Computers are a great invention, but they have one big downside: They make plagiarism a simple matter of clicking on “copy” and “paste.” High school and college students know this. Their teachers know it. Even newspaper and magazine writers know it. And famous authors like Stephen Ambrose and Doris Kearns Goodwin know it, to their shame and humiliation.
High schools and colleges find themselves in the midst of an epidemic of plagiarism. Students lift whole paragraphs from reference sources or copy entire term papers off Internet services, passing such material off as their own work. But teachers now can use computer programs to compare suspicious passages in student papers against a wide range of source materials. This sleuthing often turns up similarities that point to plagiarism.
Harsh punishment can be the result. Many schools have adopted a “zero-tolerance” policy, accepting no excuses for copying without attribution. Although some educators are more forgiving, at least for a first offense, many will give no credit for an offending paper or even flunk the offending student. Getting no credit for a term paper, even getting flunked out, are tough punishments for a misdeed that has become as easy and commonplace as running a red light or drinking an illegal beer.
But think how tough it is for a famous author such as Stephen Ambrose to be dropped from some college reading lists after word sleuths found many close similarities between his recent best-seller about World War II aviators, “The Wild Blue,” and Professor Thomas Childers’ 1995 book, “Wings of Morning.”
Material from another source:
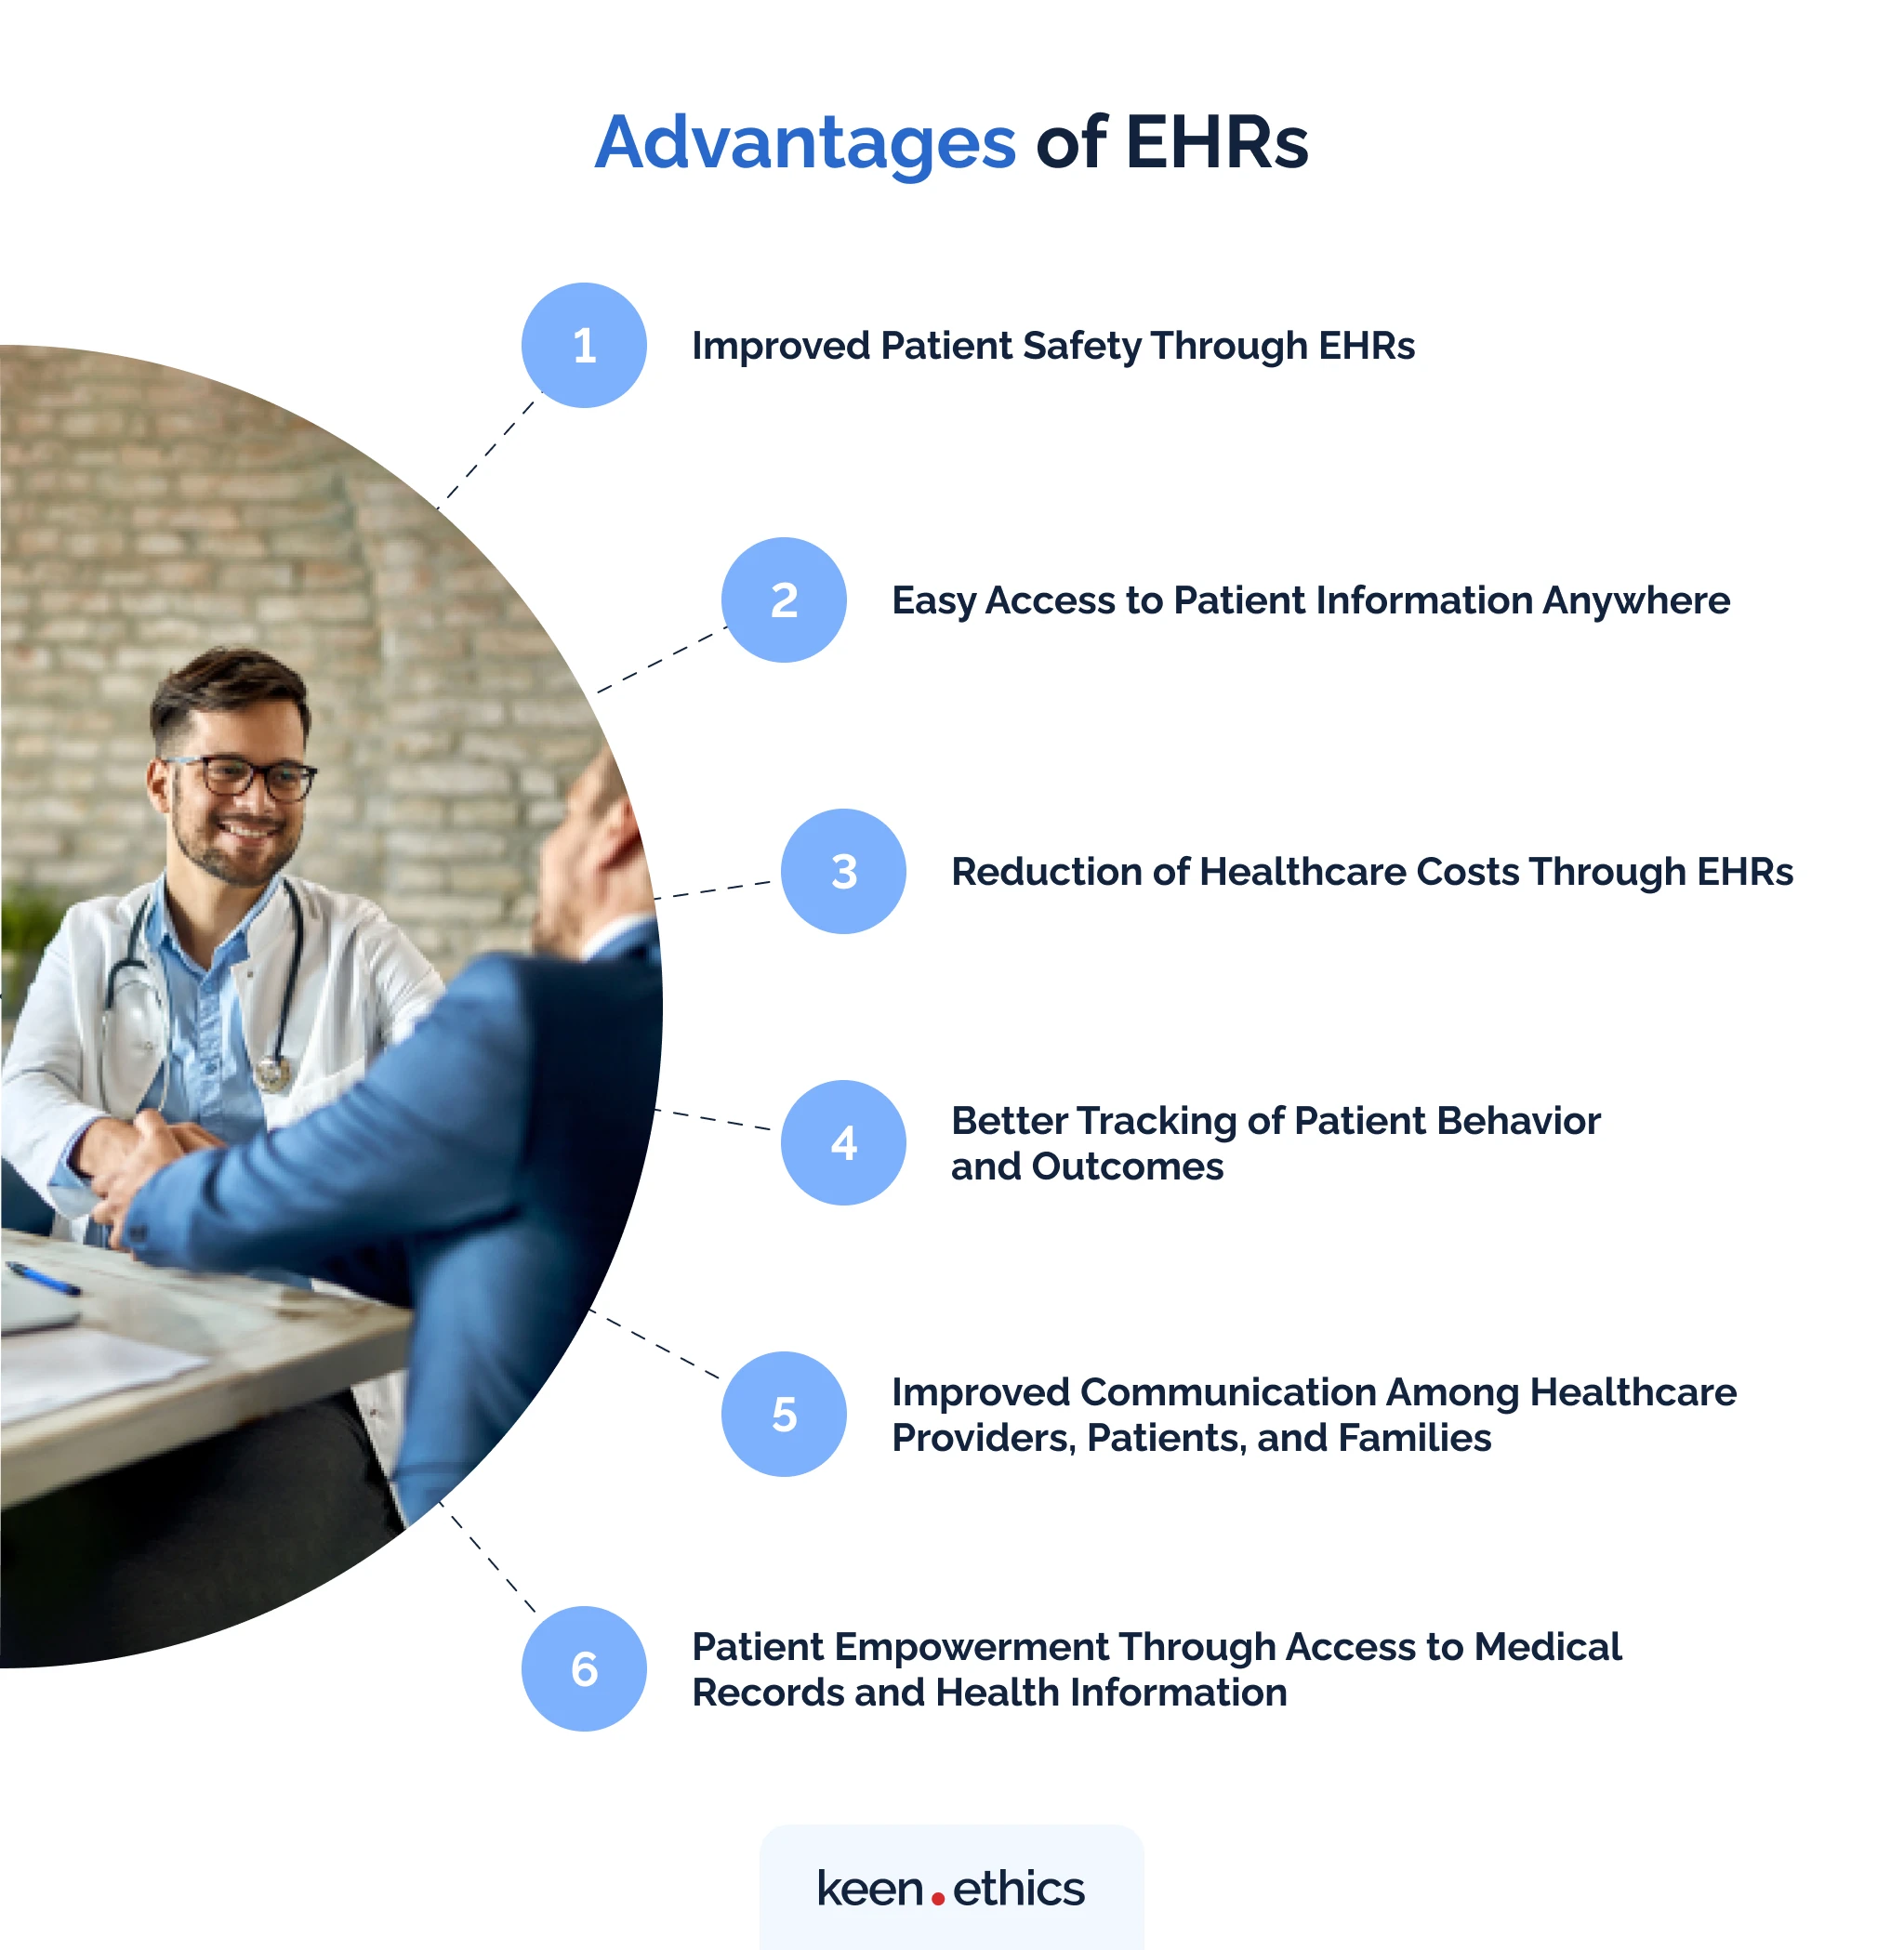 Advantages of EHRs

Ms. Goodwin had still more to lose. The long-respected and prolific historical commentator has suffered cancellation of lecture dates, withdrawal from this year’s proceedings of the Pulitzer Prize board, and forced leave of absence from “The NewsHour with Jim Lehrer.” All this because an anonymous informant reported that her 1987 best-seller, “The Fitzgeralds and the Kennedys,” contained passages identical with Lynne McTaggart’s earlier book, “Kathleen Kennedy: Her Life and Times.” Ms. McTaggart spotted the copyright infringements (footnoted but not enclosed in quotation marks). She sued. Her publisher quietly settled the case for around $50,000. Ms. Goodwin apologized, explained that she had confused notes from the McTaggart book with her own notes, revised her book for another edition, and tightened up her research methods.
Case closed? Not by a long shot. Mainstream newspapers and talk show hosts, sensing a juicy scandal, speculated that Ms. Goodwin’s later books, including her Pulitzer Prize-winning “No Ordinary Time,” may also have involved plagiarism. The New York Times published a supposedly humorous satire speculating without foundation that she had lifted passages from Roger Kahn’s “The Boys of Summer” for her new memoir, “Wait Till Next Year.” (The Times later published two editor’s notes clarifying the satire lest readers accept it as factual.) And several accusers found fault with Ms. Goodwin’s efforts to explain and defend herself.
To the rescue has come The Wall Street Journal’s Dorothy Rabinowitz, a tough, clever, Pulitzer Prize-winning writer who often dares to differ from the Journal’s conservative editorial page. Ms. Rabinowitz says some people “know exactly how possible it is to do such things when writing in haste, and a certain passion.” As for Ms. Goodwin’s explaining her case, “Where would she go to get her situation resolved? Is there some central office for penitents where she could earn certificates of resolution?” Yet, “the stories roll on about a payoff, as though no one reputable had ever settled a case. Ms. Goodwin, of course, has by now paid more than she could have dreamed.”
The lessons are clear: Don’t copy other people’s work and pass it off as your own. If you get caught, apologize and change your ways. And after you have reformed, hope that you have a tiger like Dorothy Rabinowitz on your side.